Secret World by Peter Gabriel, from the Album Us.
A longtime fan of Gabriel's work, I find this song has just enough of everything to please my ear and engage my mind, and I actually understand what the lyrics are trying to tell me (which I don't, sometimes, with Gabriel's songs1).
Written around the time he was breaking up with his first wife, it tells the poignant story of a breakup from the point of view of someone both relieved to be out of it but at the same time sad beyond bearing that it came to that. The instrumental arrangement is complex, the lyrics clever and the rhythm driving and relentless, rather like the subject under consideration. I'm especially impressed with Tony Levin's bass and the very restrained piano part.

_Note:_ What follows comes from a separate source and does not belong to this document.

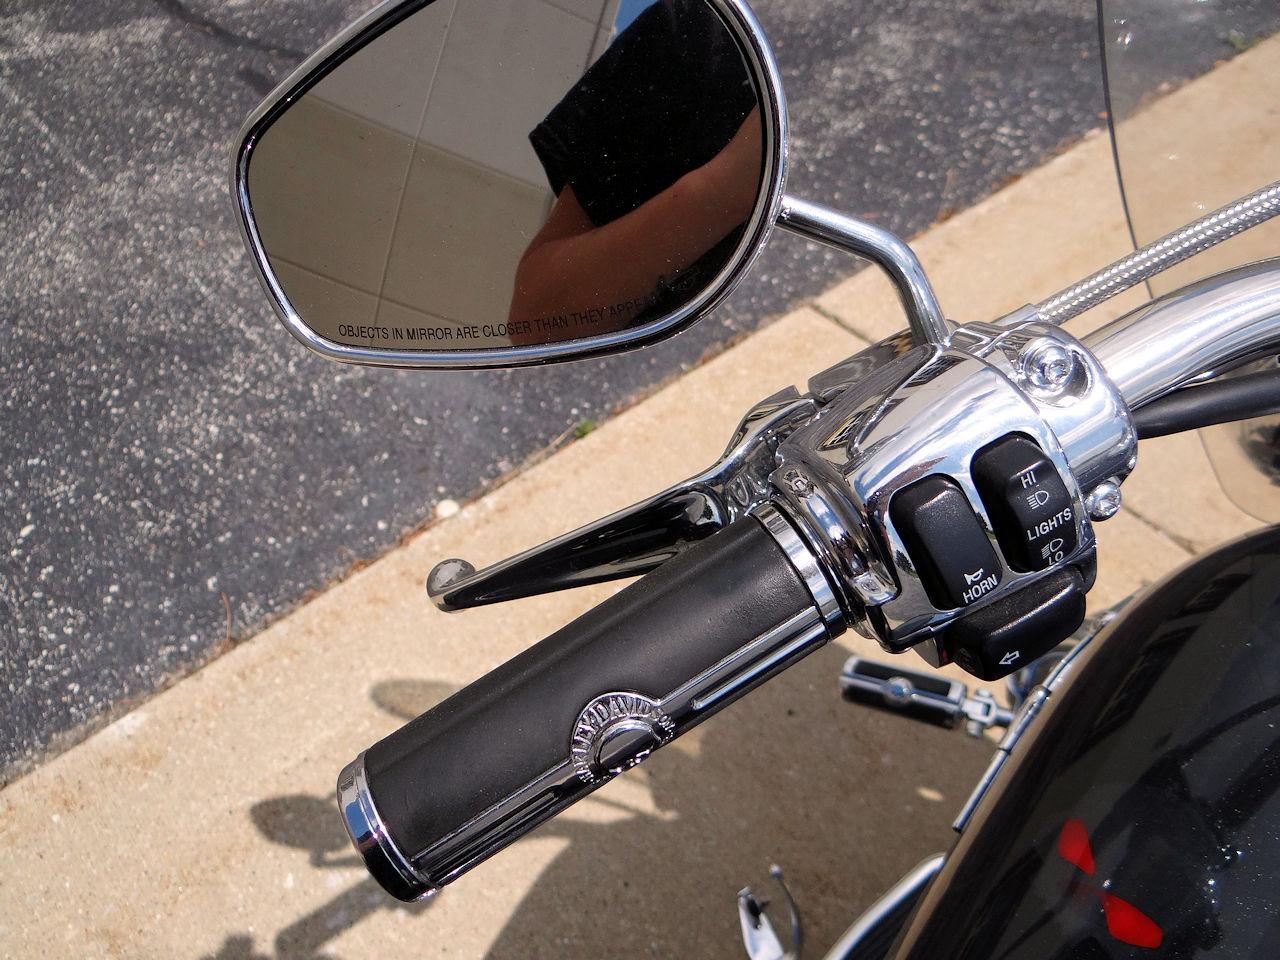 2006 Harley Davidson FLSTNI 71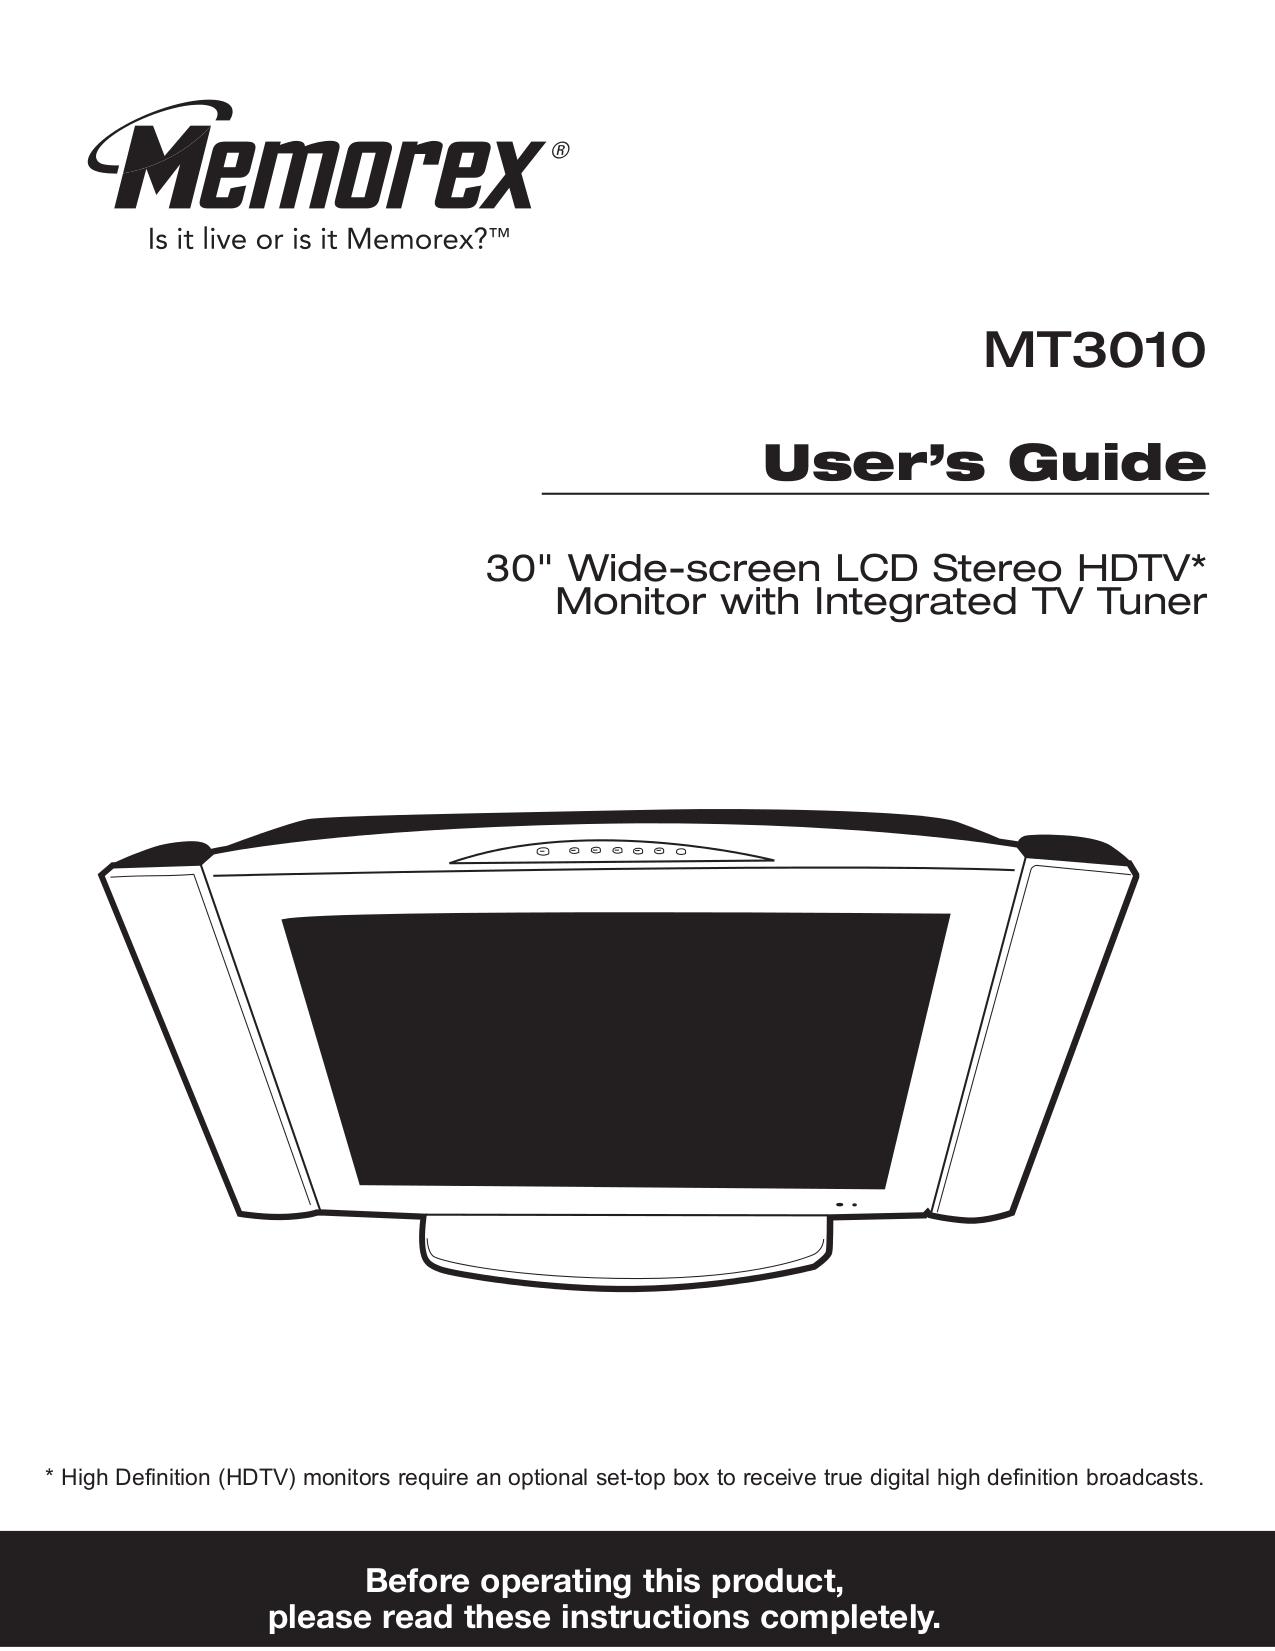 memorex tv manual online user manual u2022 rh pandadigital co Canon Digital Camera Manual Pentax Camera Manual

I often play this track through again after hearing it.
The album includes the hit "Steam", a song I never really cared for in the version that charted but like better in the slow mix available on the CD-ROM "Peter Gabriel's Secret World2", and "Digging in the Dirt", which I liked a lot on first hearing it on MTV (I think). The Stevieling likes "Blood of Eden" particularly, and we both like "Kiss that Frog" so much that an alternate version of the percussion track was the wake-up wav for my first computer for years (another benefit of the CD-ROM).
I rate the Us album very highly, and if you are only going to listen to one Gabriel album, I recommend this one without reservation.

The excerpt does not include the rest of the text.